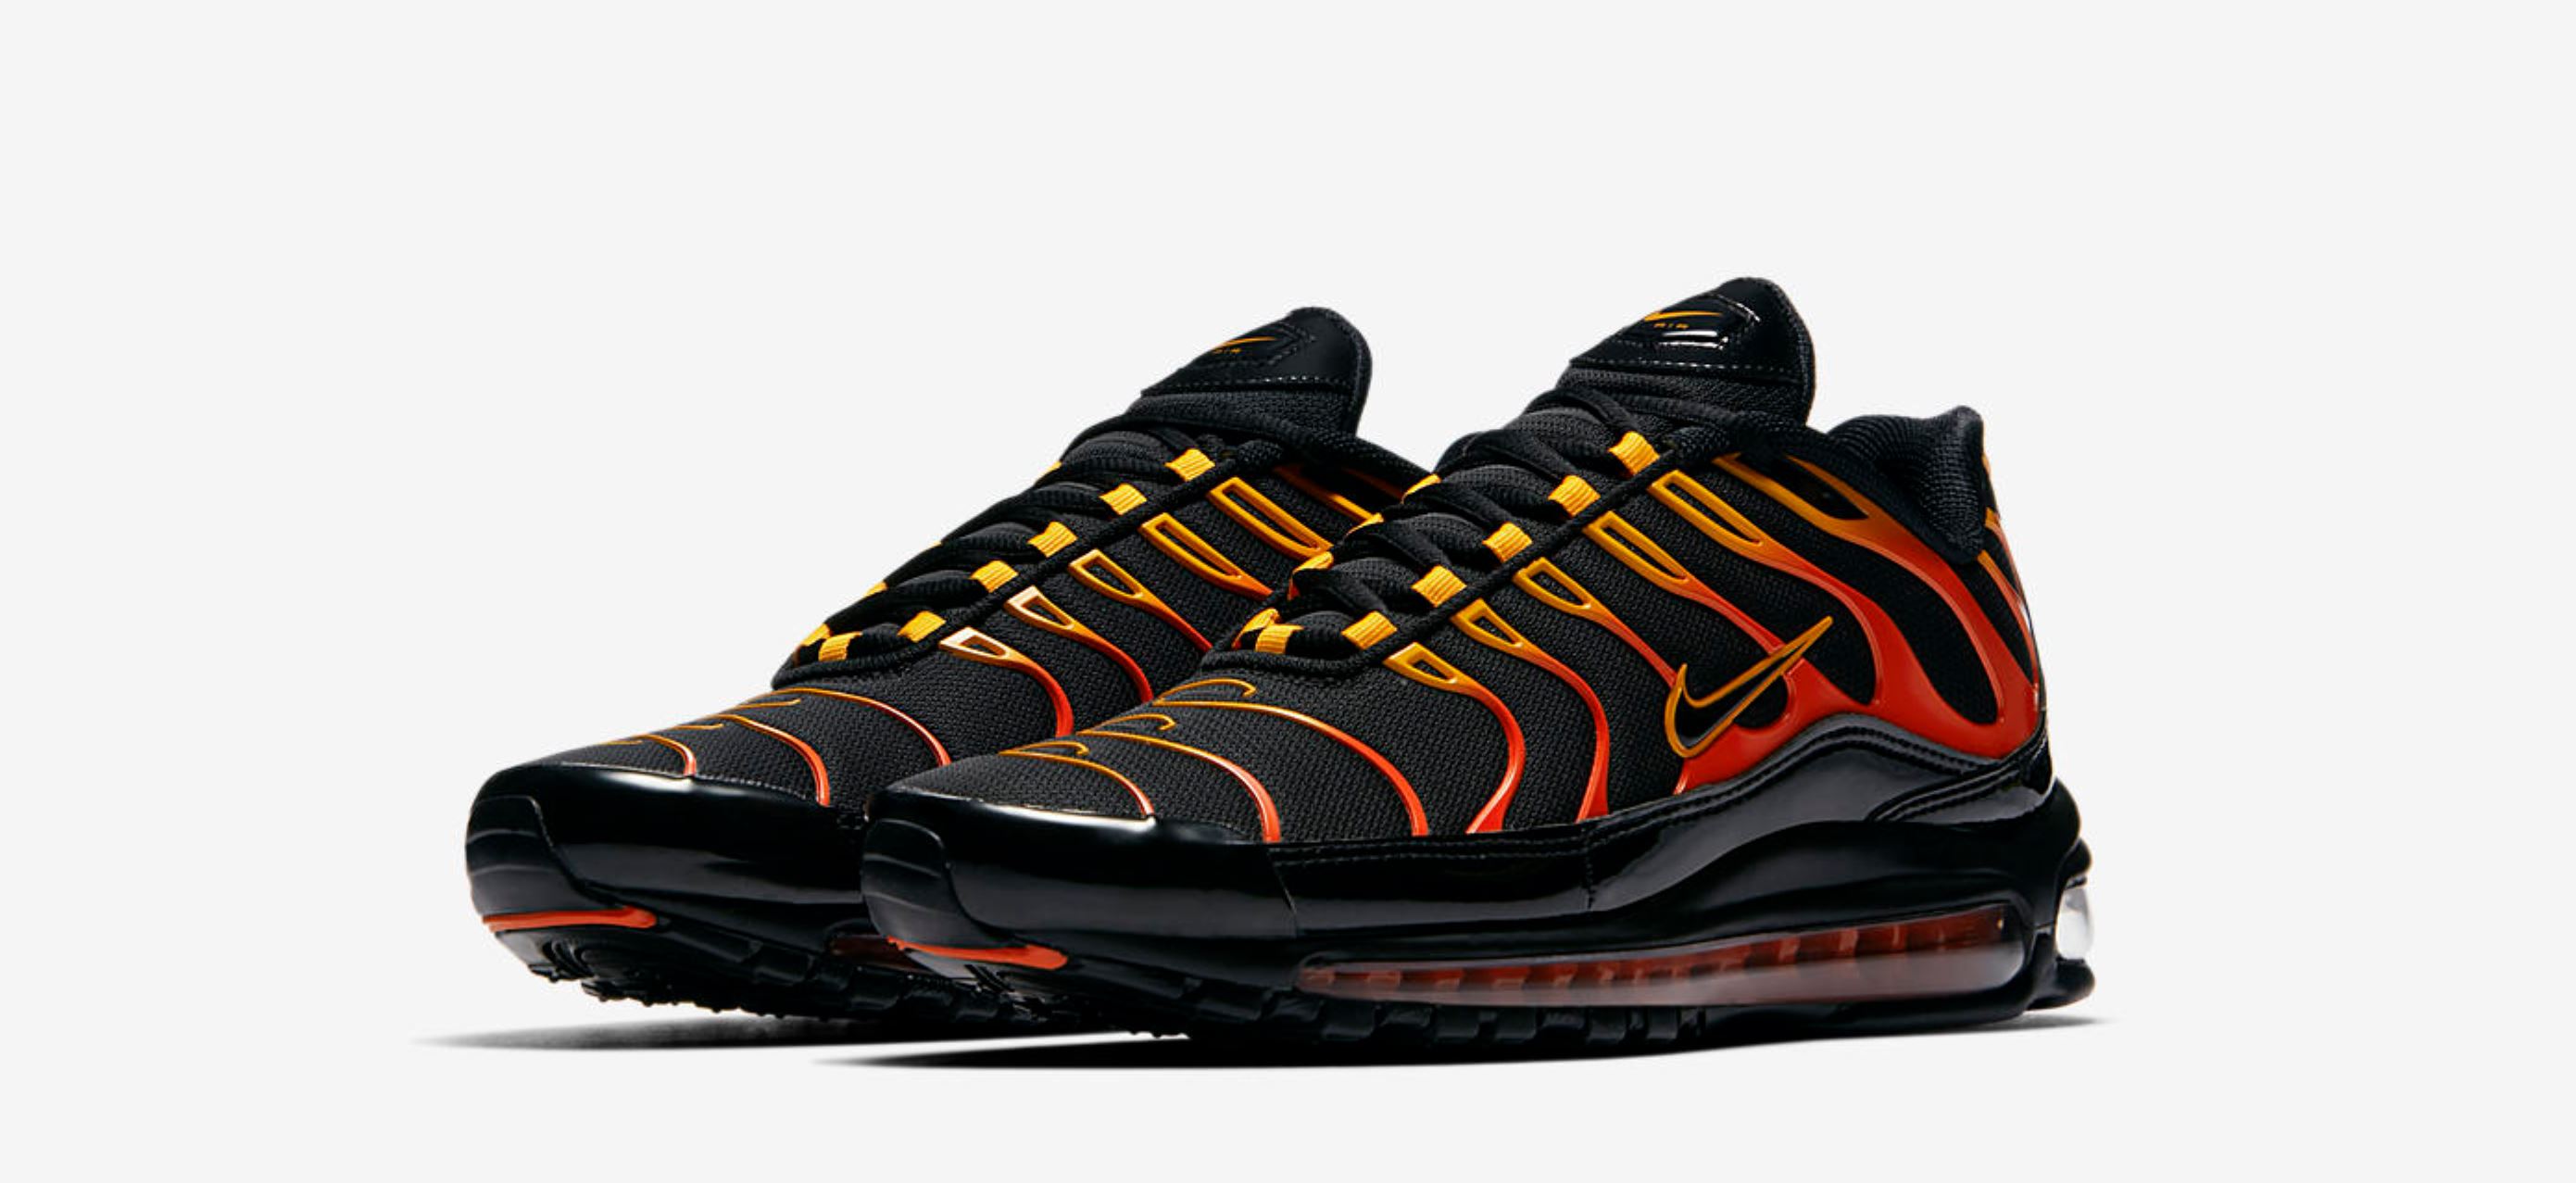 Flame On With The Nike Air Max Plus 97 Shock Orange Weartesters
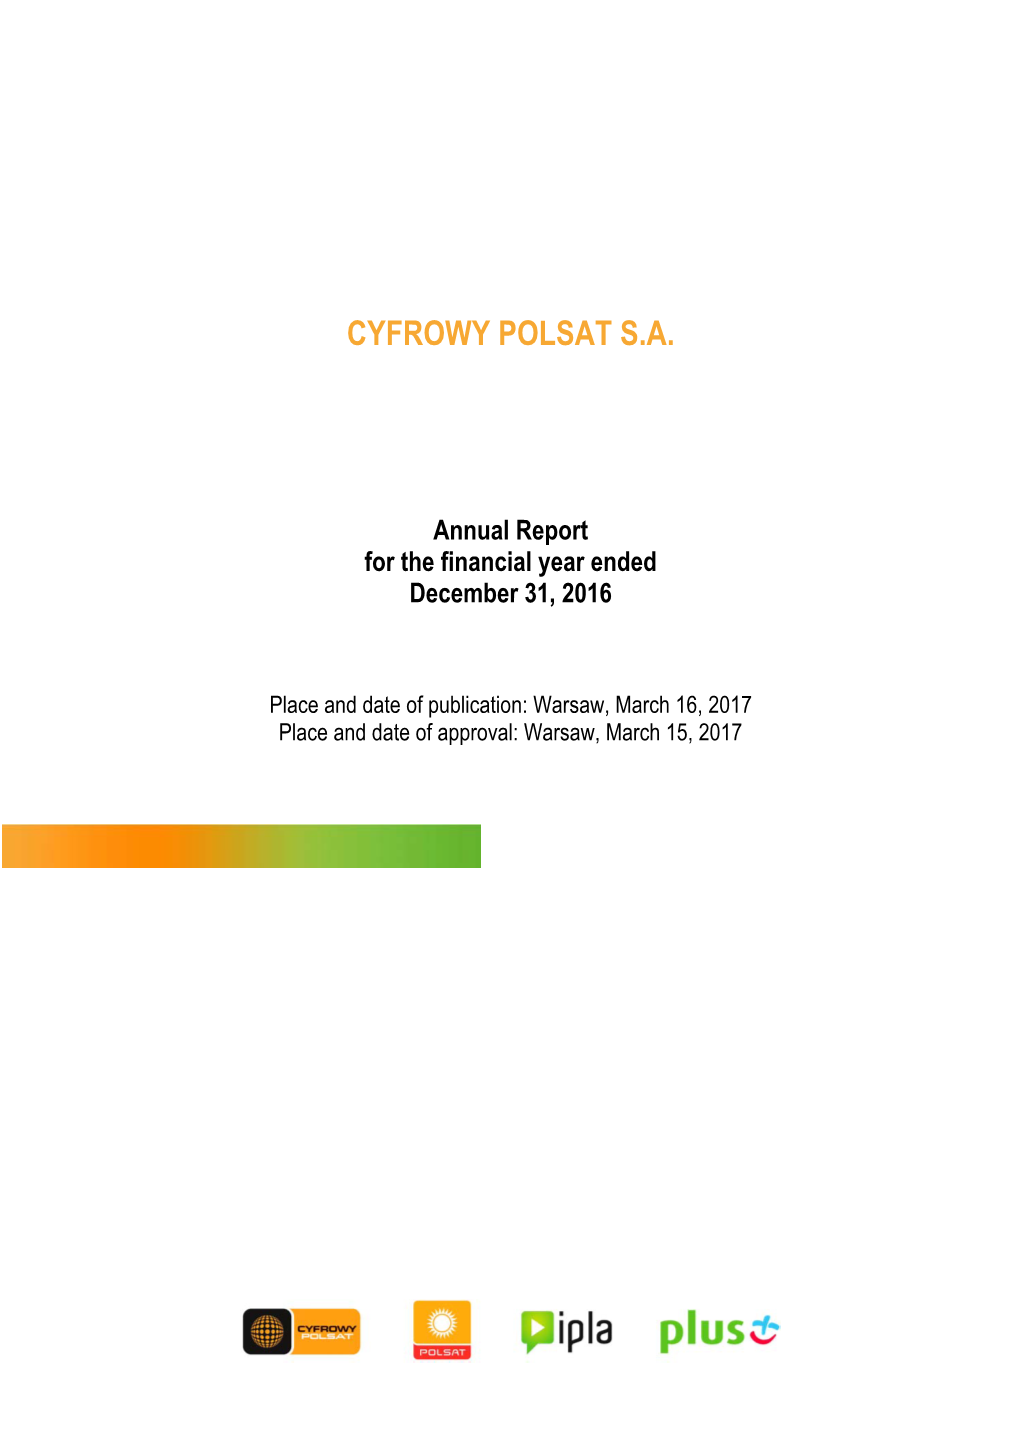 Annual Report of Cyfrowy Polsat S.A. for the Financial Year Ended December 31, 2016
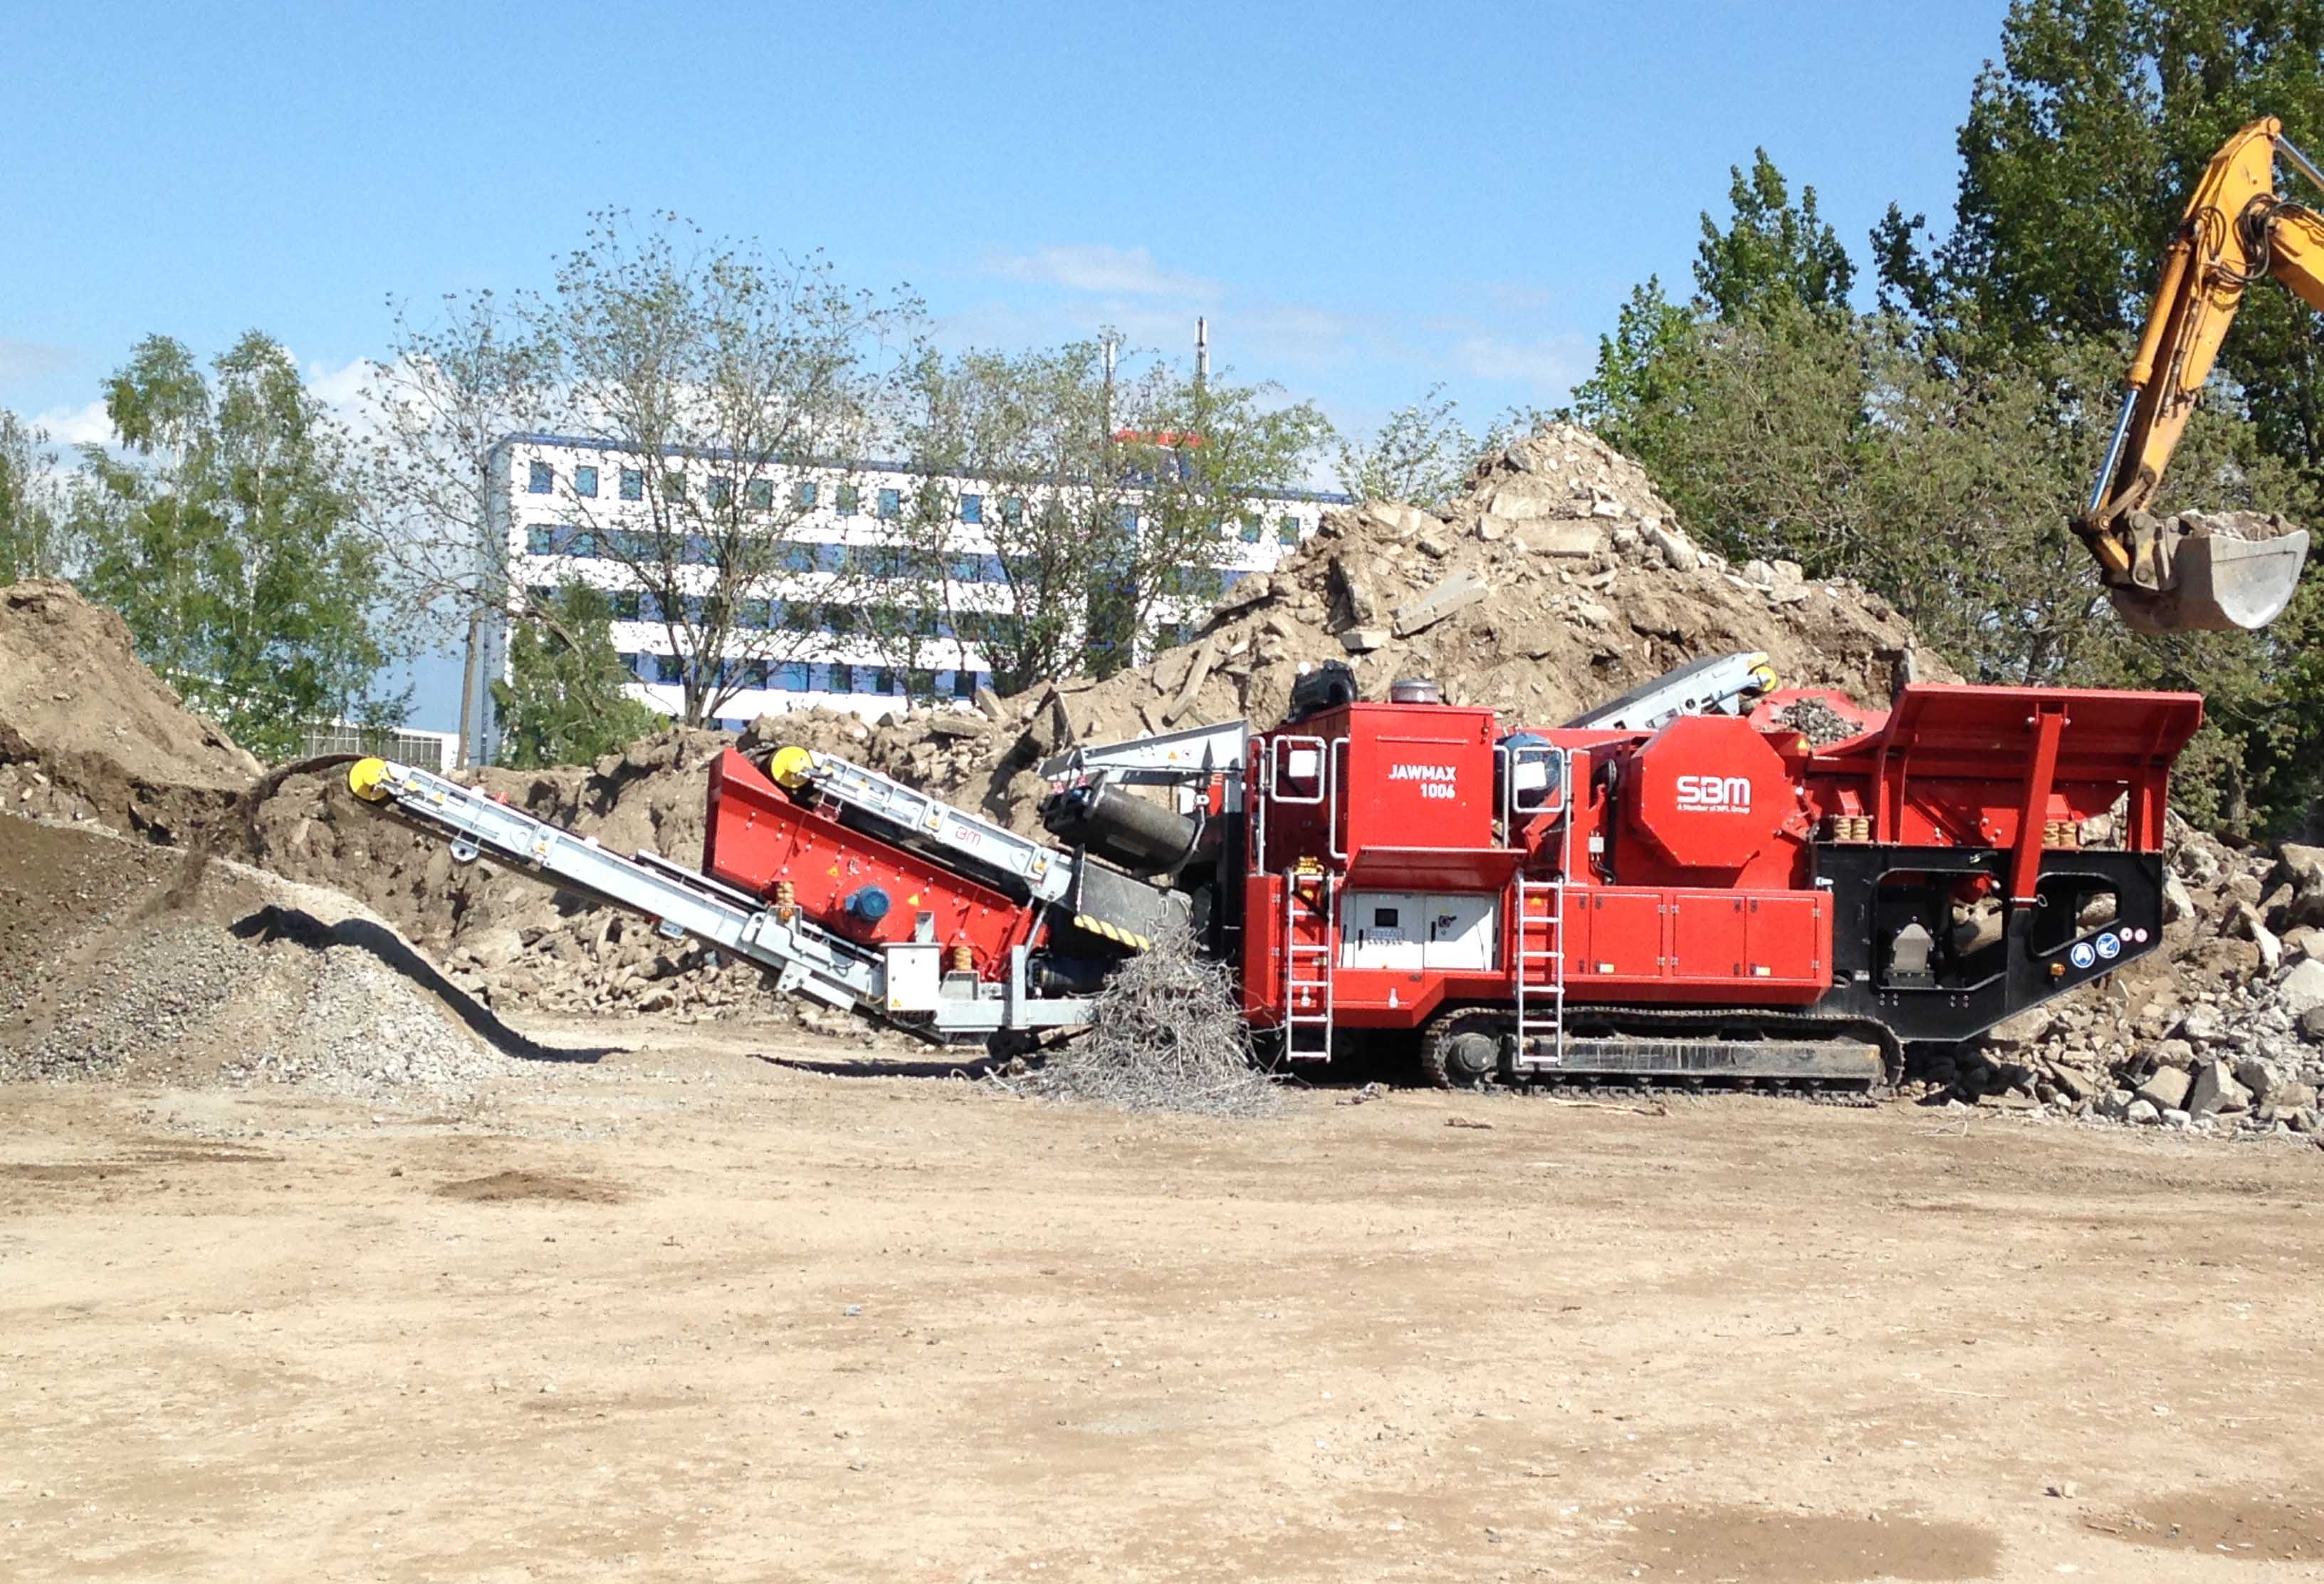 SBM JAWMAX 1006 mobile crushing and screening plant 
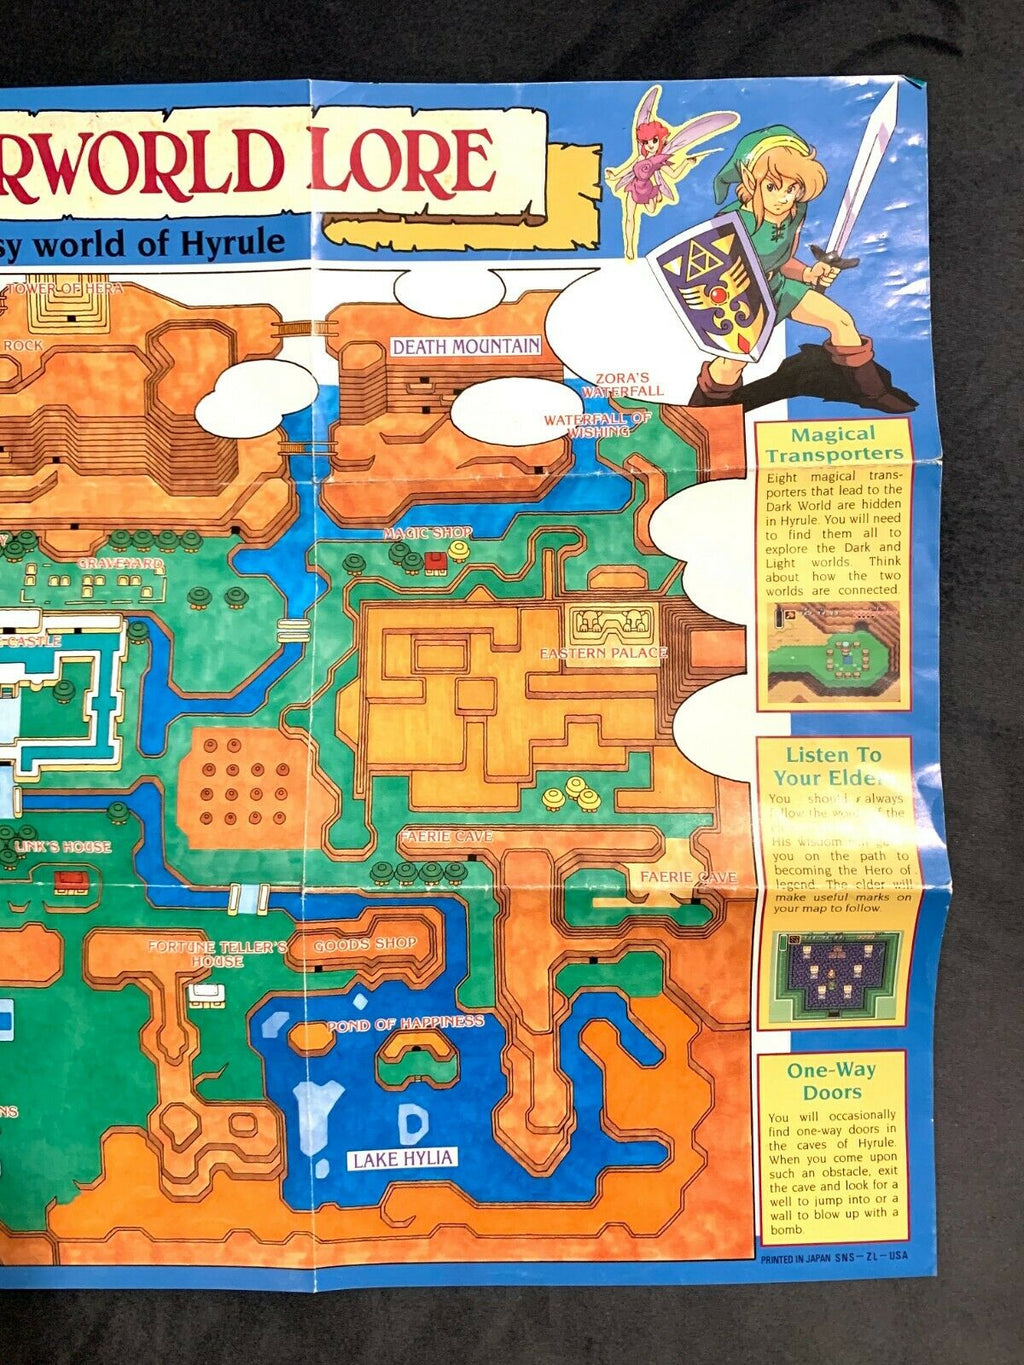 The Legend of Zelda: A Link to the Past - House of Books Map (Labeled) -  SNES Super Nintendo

..............................

*WHAT THIS TASK INVOLVES*.
Only the lines from the one containing "SBM JAWMAX 1006" to the end of the listing belong in the answer, exactly as they stand and with no pictures.

*WRITTEN ANSWER*.
 SBM JAWMAX 1006 mobile crushing and screening plant 
 The Legend of Zelda: A Link to the Past - House of Books Map (Labeled) -  SNES Super Nintendo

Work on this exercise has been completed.